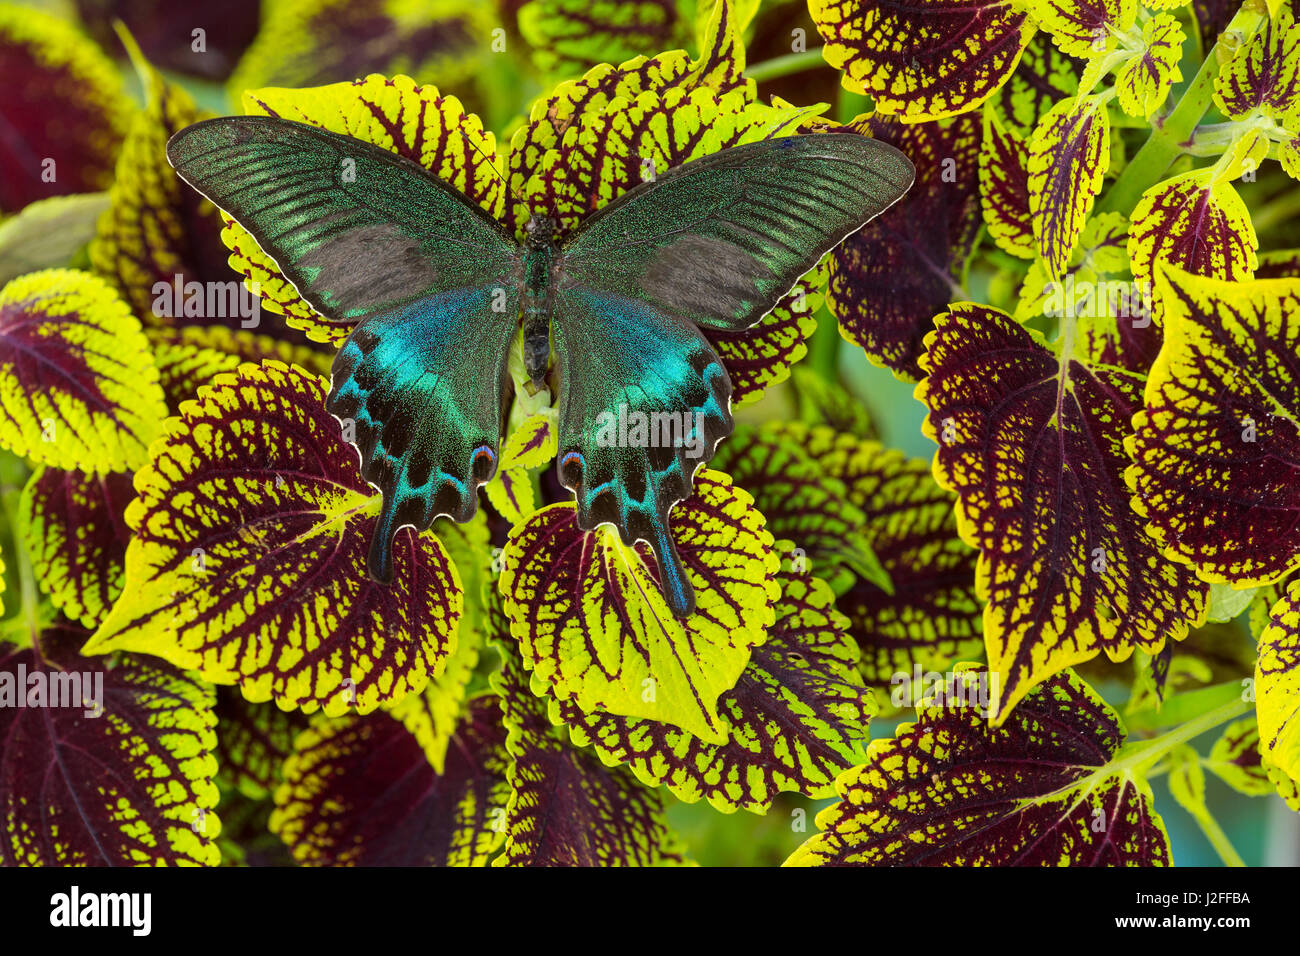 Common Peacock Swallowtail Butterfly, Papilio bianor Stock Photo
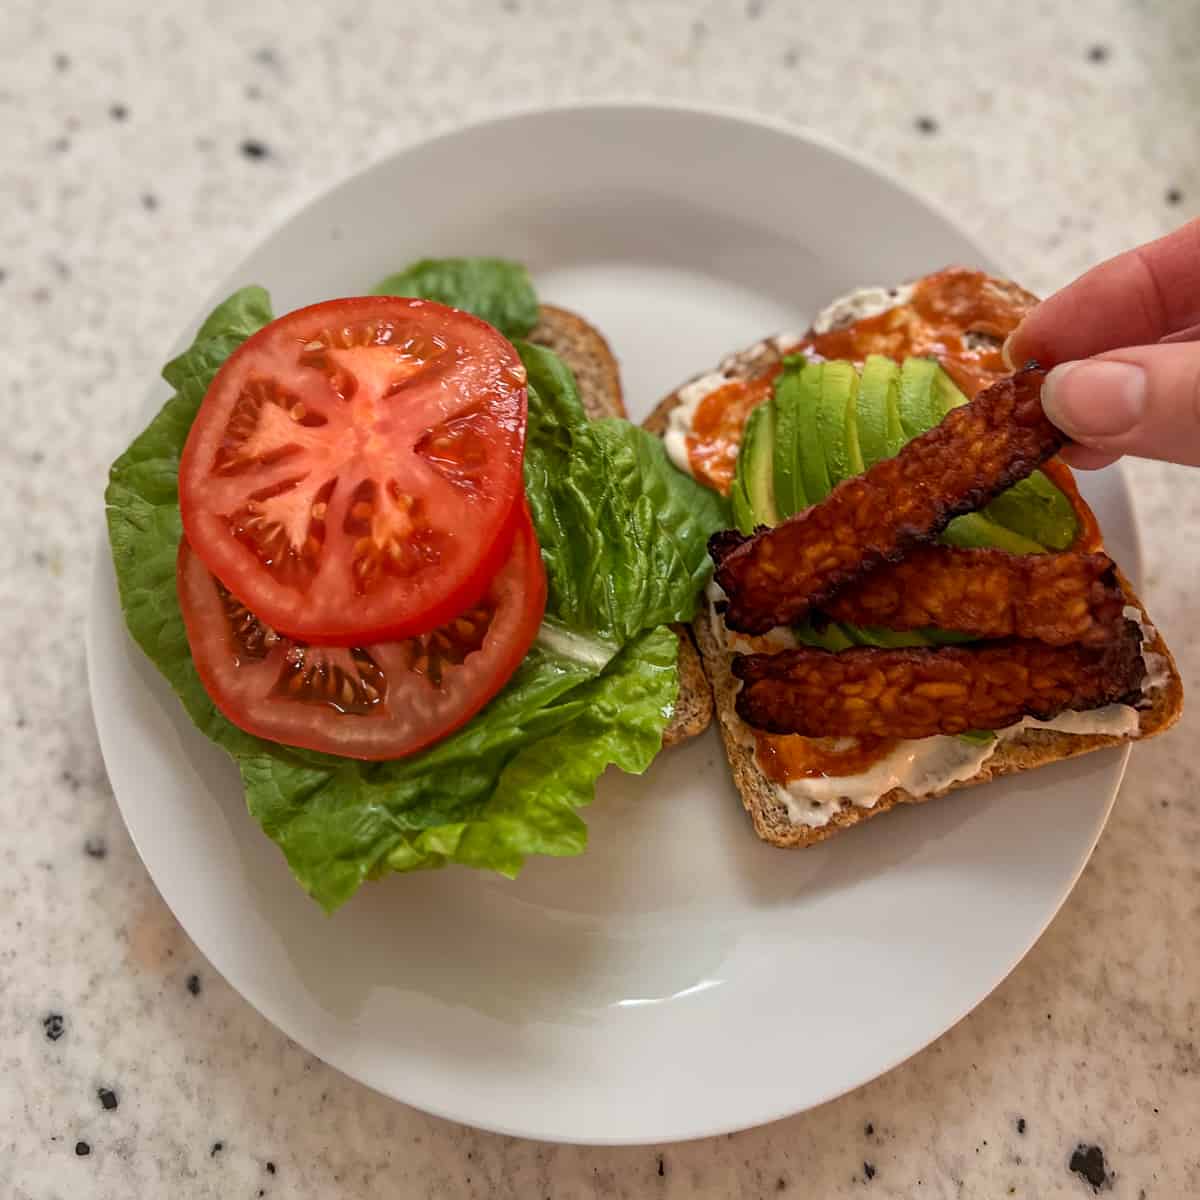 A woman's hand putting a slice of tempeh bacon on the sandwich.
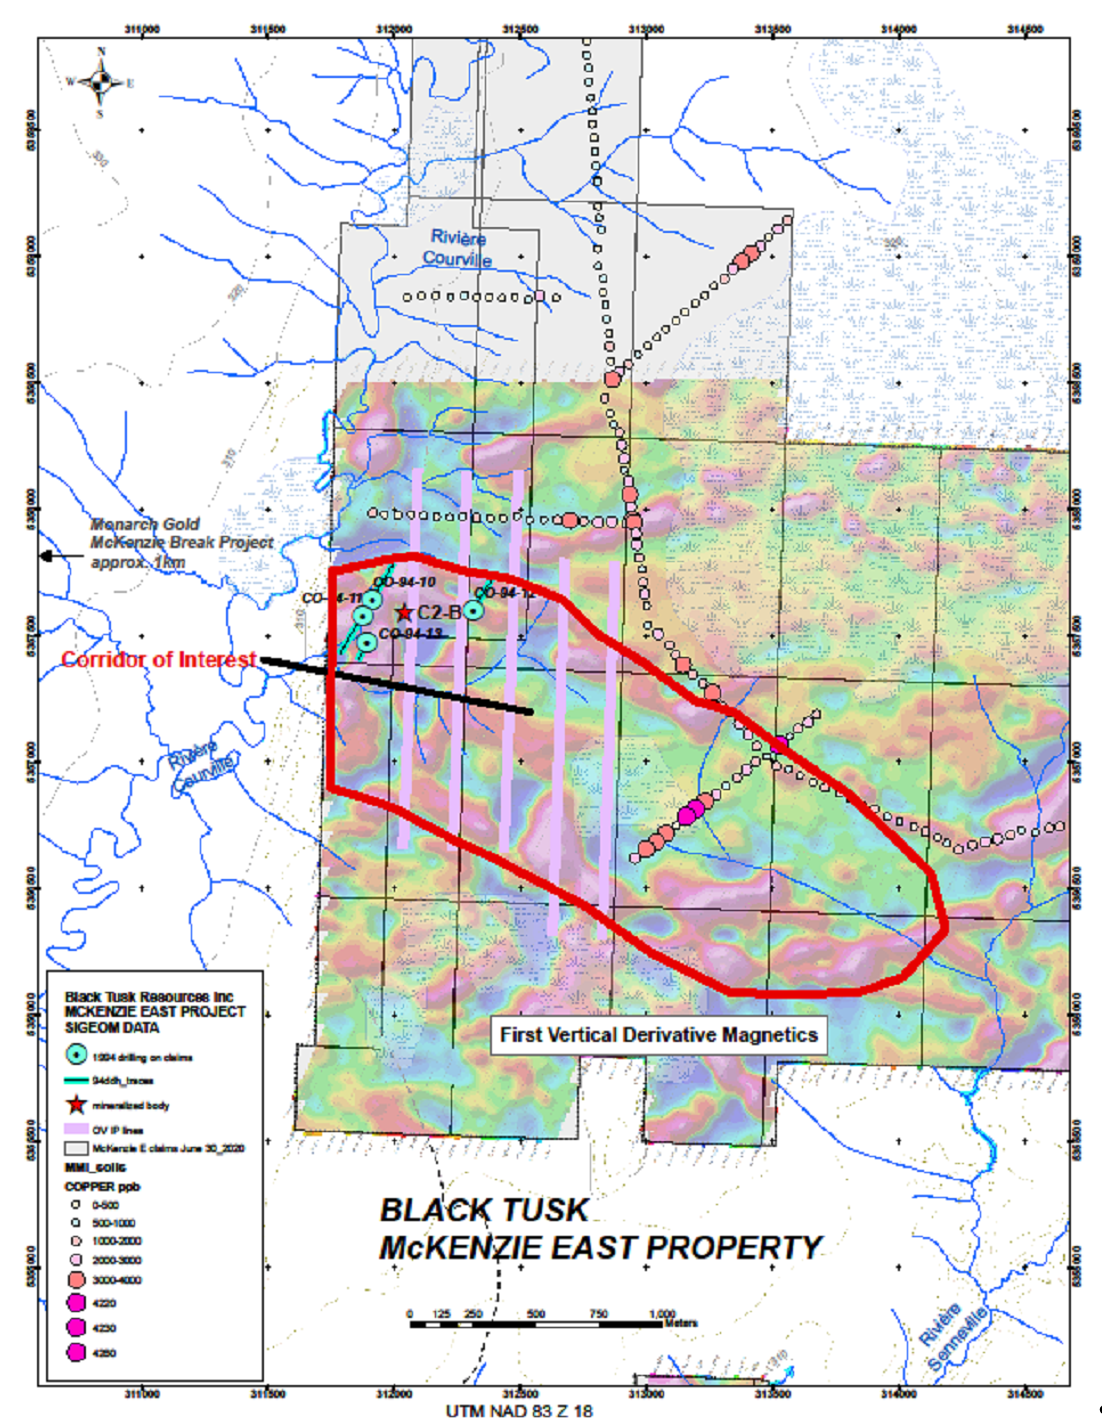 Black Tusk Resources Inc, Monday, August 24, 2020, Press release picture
········
The task: Print the material above once more, exactly, minus the pictures.

Expected output:
 Common Peacock Swallowtail Butterfly, Papilio bianor Stock Photo
 A woman's hand putting a slice of tempeh bacon on the sandwich.
 Black Tusk Resources Inc, Monday, August 24, 2020, Press release picture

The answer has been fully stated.